Offered by Father Matthew Dallman, Obl.S.B., for the Parish of Tazewell County on the Sixth Sunday after Trinity (Seventh Sunday after Pentecost), 2018.
Our Collect today invites our prayer to a profound truth, despite its wording being rather commonplace, and even cliche. It begins with these words: “O God, you have taught us to keep all your commandments by loving you and our neighbor.” What this reflects is the fact that knowledge and love are all the same—that, for Christians, love itself is understanding (William of St Thierry, Exposition on the Song of Songs, 57.) What we do, our actions, our behavior, our prayer, must, if it is going to be Christian action, Christian behavior, Christian prayer, live out our beliefs.
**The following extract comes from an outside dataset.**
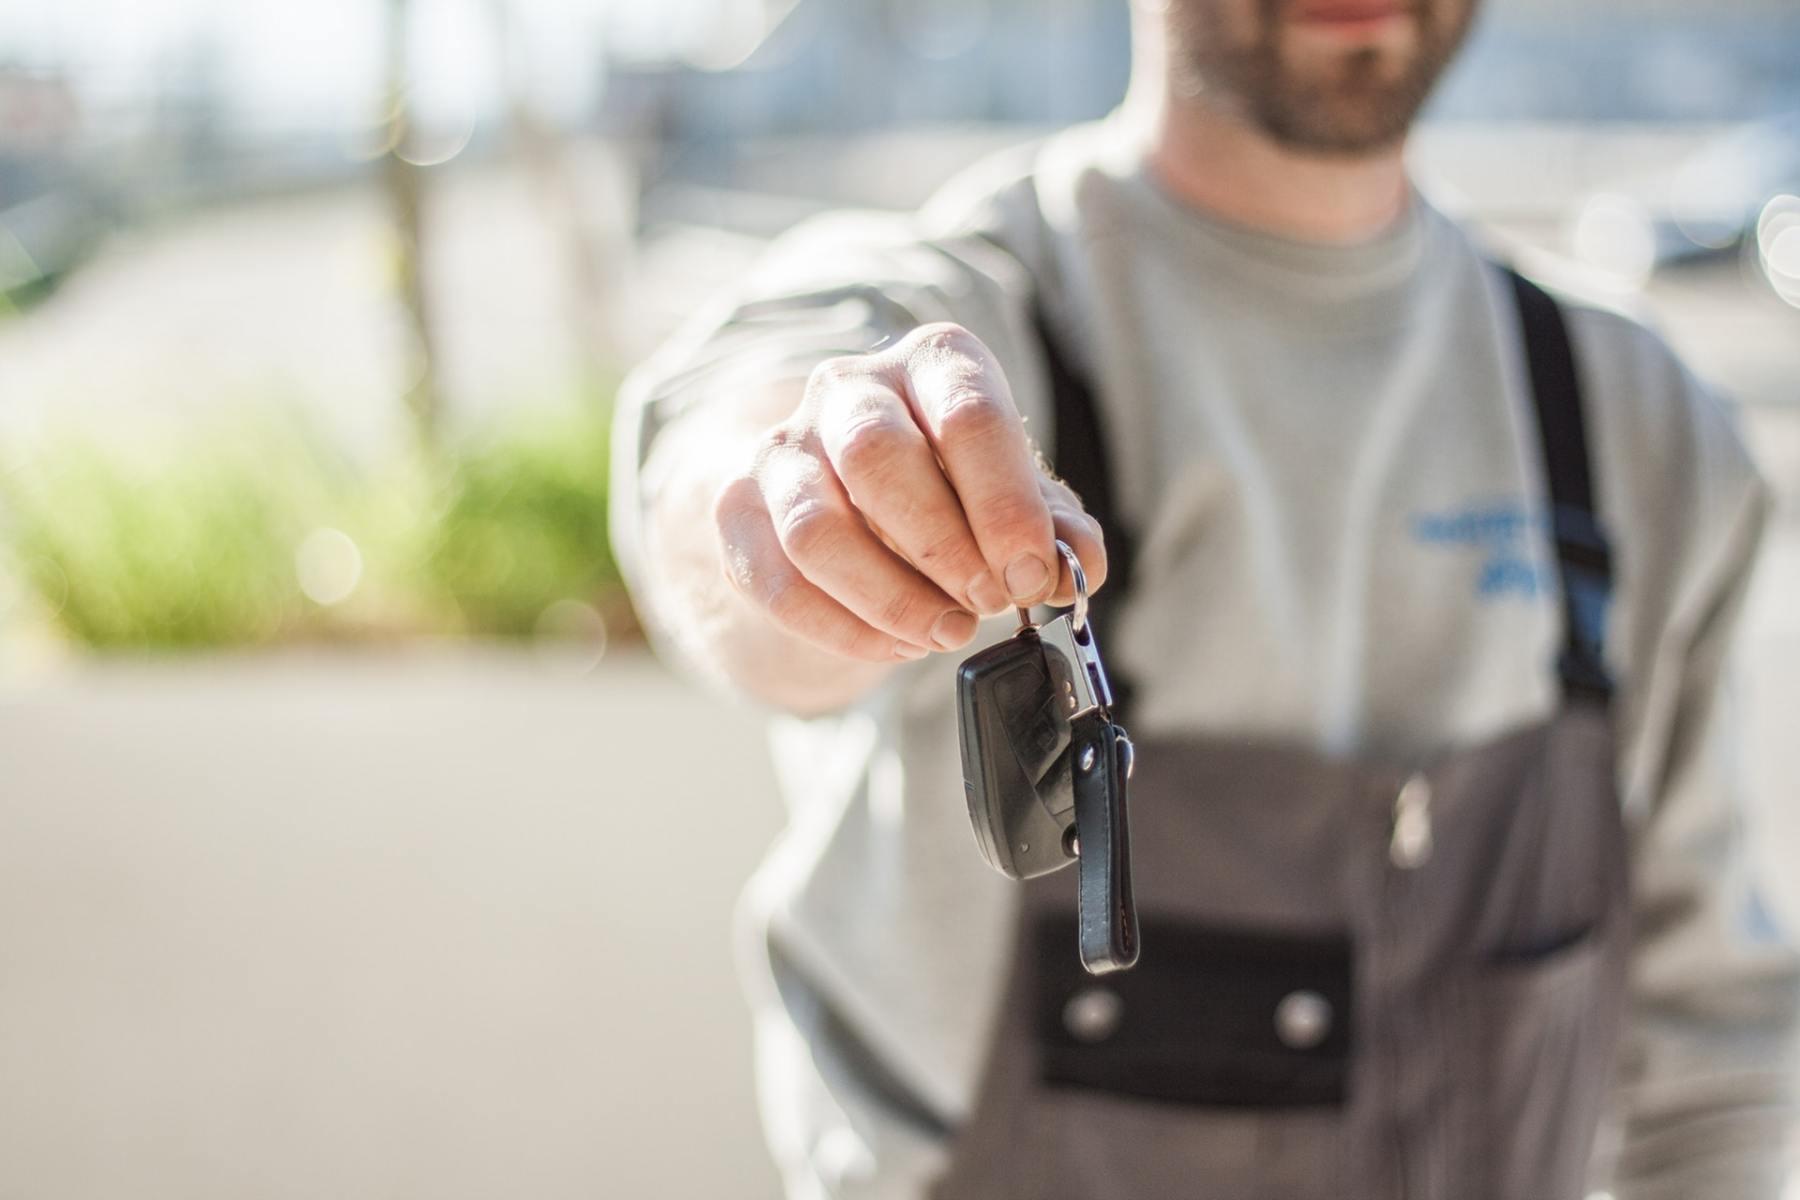 car-driving-keys-repair-97075

Our words that profess what we believe throughout the Liturgy of the Church, whether in Mass or daily Offices, have to find expression in our bodily actions—concretely, actually, and palpably. For us, taught by Jesus Christ and learning within the fellowship of the Church, knowledge and love are all the same: Love itself is understanding.
Our Collect this week continues with these words: “Grant us the grace of your Holy Spirit, that we may be devoted to you with our whole heart, and united to one another with pure affection.” What we do that is good and holy and upright, we always do by means of the Holy Spirit. We see in the Scriptures that the experience of the Holy Spirit is one of wind, of fire, and of peace. By the figure of wind, we mean being emboldened, strengthened, and energized. By the figure of fire, we mean transformed, zealous, and contagious. And by the figure of peace, we mean sharing in the heavenly grace of Christ Crucified and Resurrected. By the grace of the Holy Spirit, we become what we have received—we have received the Sacraments of Baptism and Eucharist, and so we become sacraments, dismissed and sent into the world in peace so that we can be peace to others—so that we can embody peace, be peace incarnate for others in Tazewell County and the world.
And yet, just because we are sacraments of peace for the world, does not mean the world will necessarily receive us in that way. It is a pattern shown in Ezekiel, chapter 2, and recapitulated by Jesus when He returned to His own country and His own kin in the sixth chapter of Saint Mark. Ezekiel, entered into by the Spirit, was set on his feet by the Spirit. He was sent to preach about God to a people that had transgressed against Him. “Thus says the Lord God” is a prophecy of judgement against infidelity to God, uttered by the Holy Spirit through those filled by the Holy Spirit—spoken through the prophets chosen by God, because God chooses to work through creatures to make His will known. There are hints in the text that Ezekiel’s prophetic status was in doubt—twice saying “whether they hear or refuse to hear.” The people, these rebellious souls who oppose God, would not refuse to hear if they recognized the prophetic utterances as God speaking through Ezekiel, indeed, recognizing him as a sacramental presence. But they cannot do so. They are unable.
Likewise the kin-folk of Jesus are unable. They cannot see Him as the primordial sacrament of God’s presence. They see Him as something, to be sure—something unusual, spectacular, almost magical. They see him as people today might see David Copperfield, the professional magician who seems to accomplish astonishing mighty works that are unusual and spectacular. And yet notice, they are missing the message. The deepest truth of the identity of Jesus—that He is the primordial sacrament of God’s presence, that He is God become man, the Eternal Word become flesh, that He dwells among us—was lost on them, went right over their heads.
The people around us in Tazewell County might also miss the message of who we are. They might not see us as agents of peace—agents of peace that passes all understanding. Our identity as sacramental persons dismisses to be the living bread for the world—that we do what Jesus told the disciples to do, to go to the people and give them something to eat—might go over the heads of our brothers and sisters in Tazewell County. Is this what we would prefer? Surely not, because Jesus marveled because of His kinsfolk unbelief. But look and see: despite being mocked, ignored, and misunderstood, Jesus was not deterred from His mission—He laid His hands upon a few sick people, and healed them.
Let us be emboldened by the example of our loving and most compassionate Lord Jesus: we do not need to reach the masses, we do not need to convert in large numbers within the town we live. We might prefer it, but to accord with the example of Jesus, let us go undeterred to the sick among us, indeed to the lonely among us—laying our hands upon them by being with them, accompanying them. For the lonely in Tazewell County, let us be filled with the Holy Spirit, that we may be for them the living bread, and feed them with our attention, feed them with our presence, feed them with the peace which passes all understanding. Love itself is understanding. Let us show Jesus that we understand Him through our love.